I noticed burnt-red dried grasses sticking out from under the piles of snow, like slender, pretty girls with fat men sitting on them. A retaining wall had a sheet of ice hanging off it, with an inch of space between, melted by the magnified afternoon sun. In the alley, I (rushing home already, somewhat crazed, I guess) passed by the opened trunk of a minivan, full of trash bags, with a darty-eyed young person looking out at me from the back seat. She looked like a raccoon stealing from a garbage can.
I thought about my notebooks, about whether I’d be able to bring back my shorthand, even with gloves on, and despite many years of disuse. Meanwhile a pajamed lady walked a dog and tapped a piece of firewood on a stack of its brethren. I wanted to write it down, thinking how good it would be, and knowing, actually, that it probably wouldn’t. I raced, non-literally, back home, noting the clock (really, just ten minutes?) and flipping my boots off, and the laptop open. And here I am.
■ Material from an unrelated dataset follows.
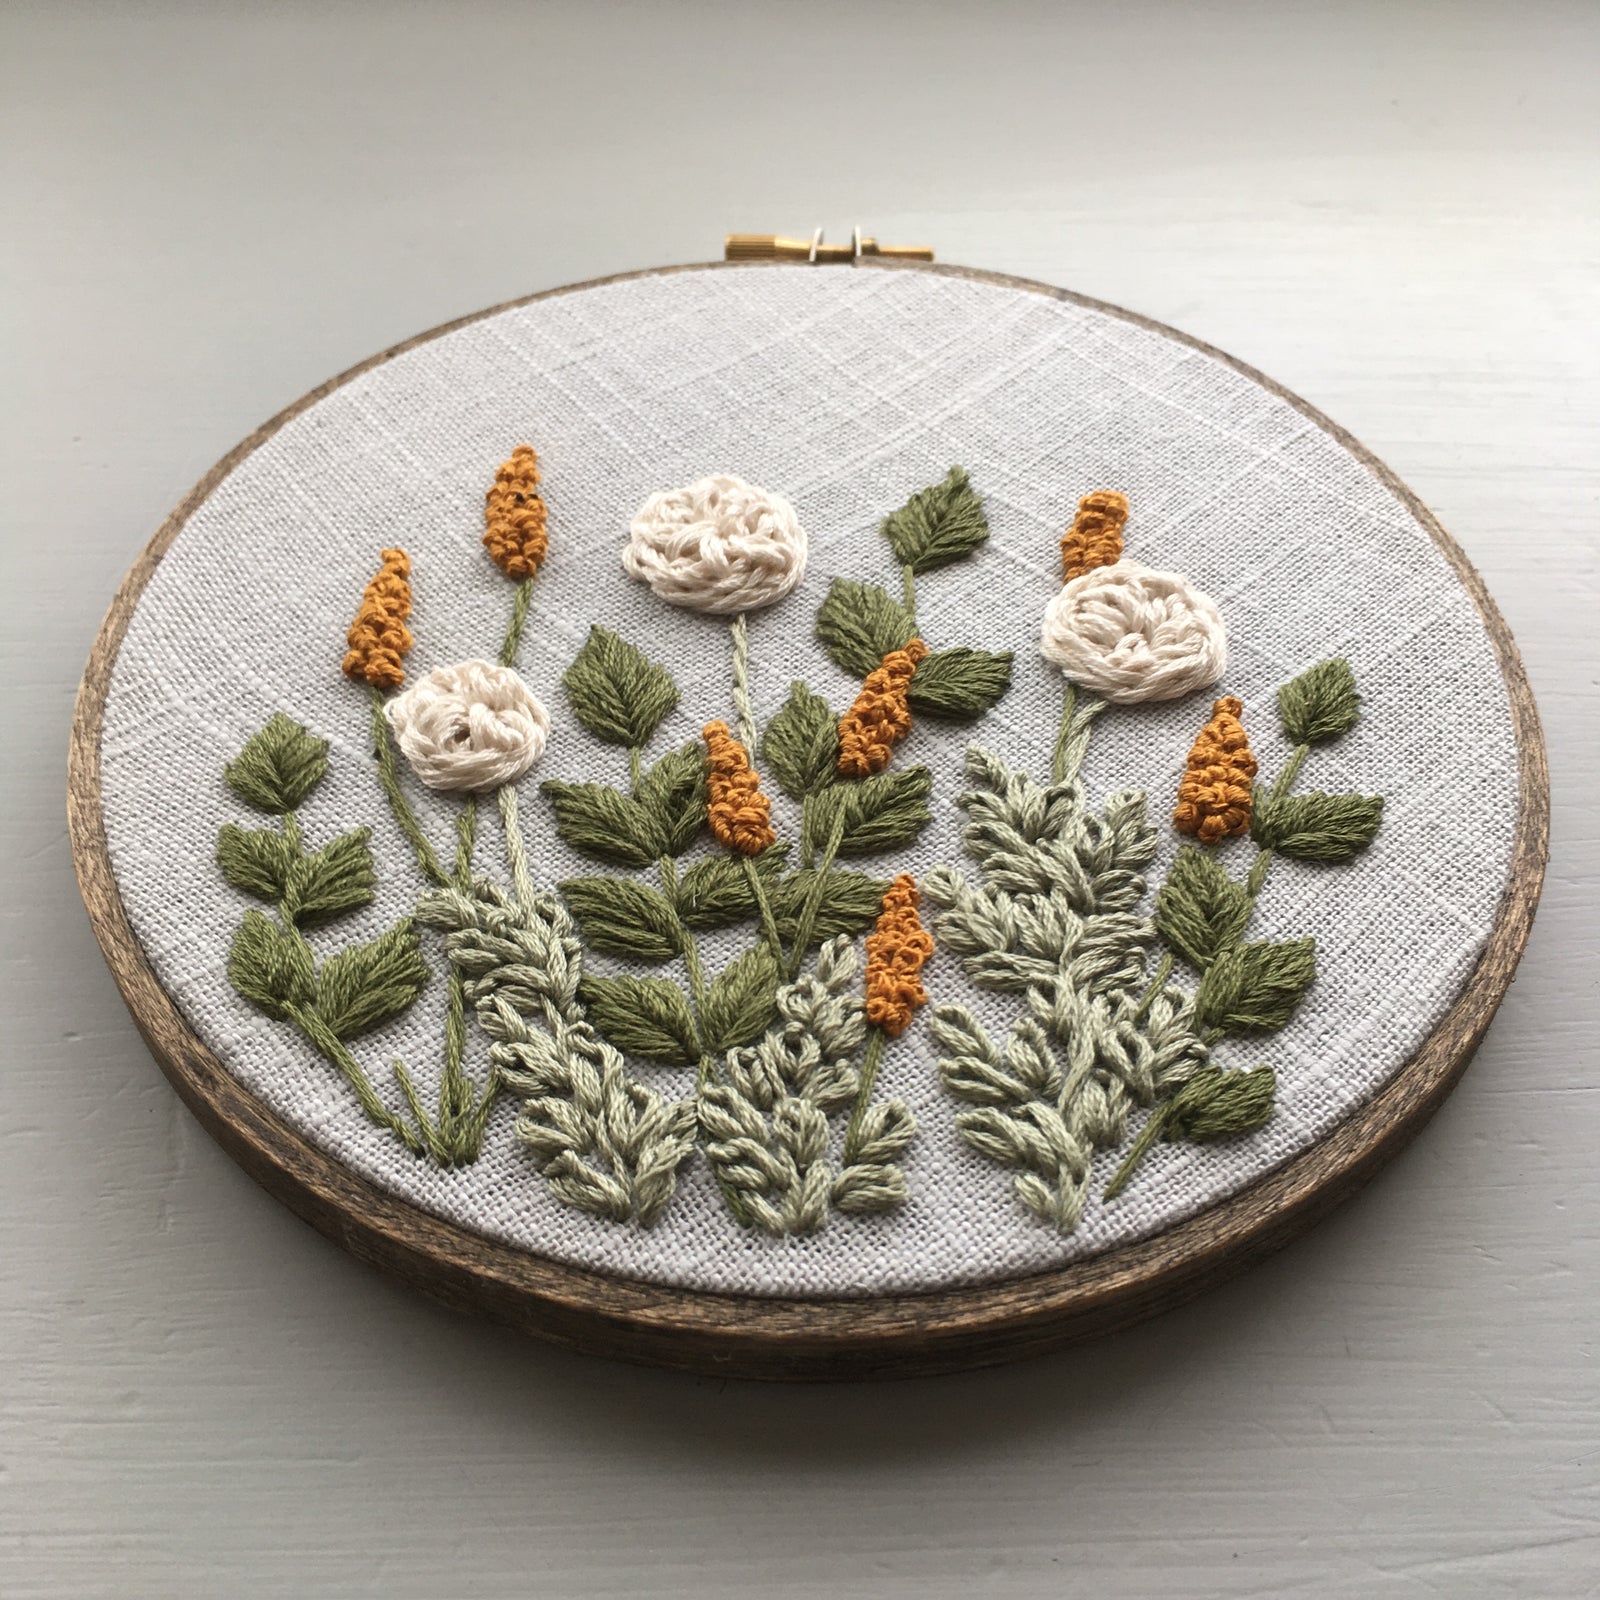 HELLO Hand-Embroidery Kit – Salty Oat

I am plagued by irresolution. I keep setting up little disciplines to try to adhere to, but I never make them stick. Thirty pushups every morning; lasted eight days. A walk every day before lunch; two days. Keeping a daily journal about my daughter, three weeks, variously interrupted. Makes me wonder why I insist on committing to doing things every day, or every-so-many days, when I’m obviously unable to do them. The little notebook observations, which was so long ago, I managed to do every single day for months and months. That feels like an accomplishment to me, though the notes are now mostly illegible and probably not very interesting anyhow. But compared to that I have now only a crushing sporadicism.
So I decided to start blogging again. That I would dedicate myself, unambiguous and single-minded-ly , to writing down something every day in a form other people could read. Something funny, something boring, something honest, something sad. But something. What a stupid idea; I will never be able to do it.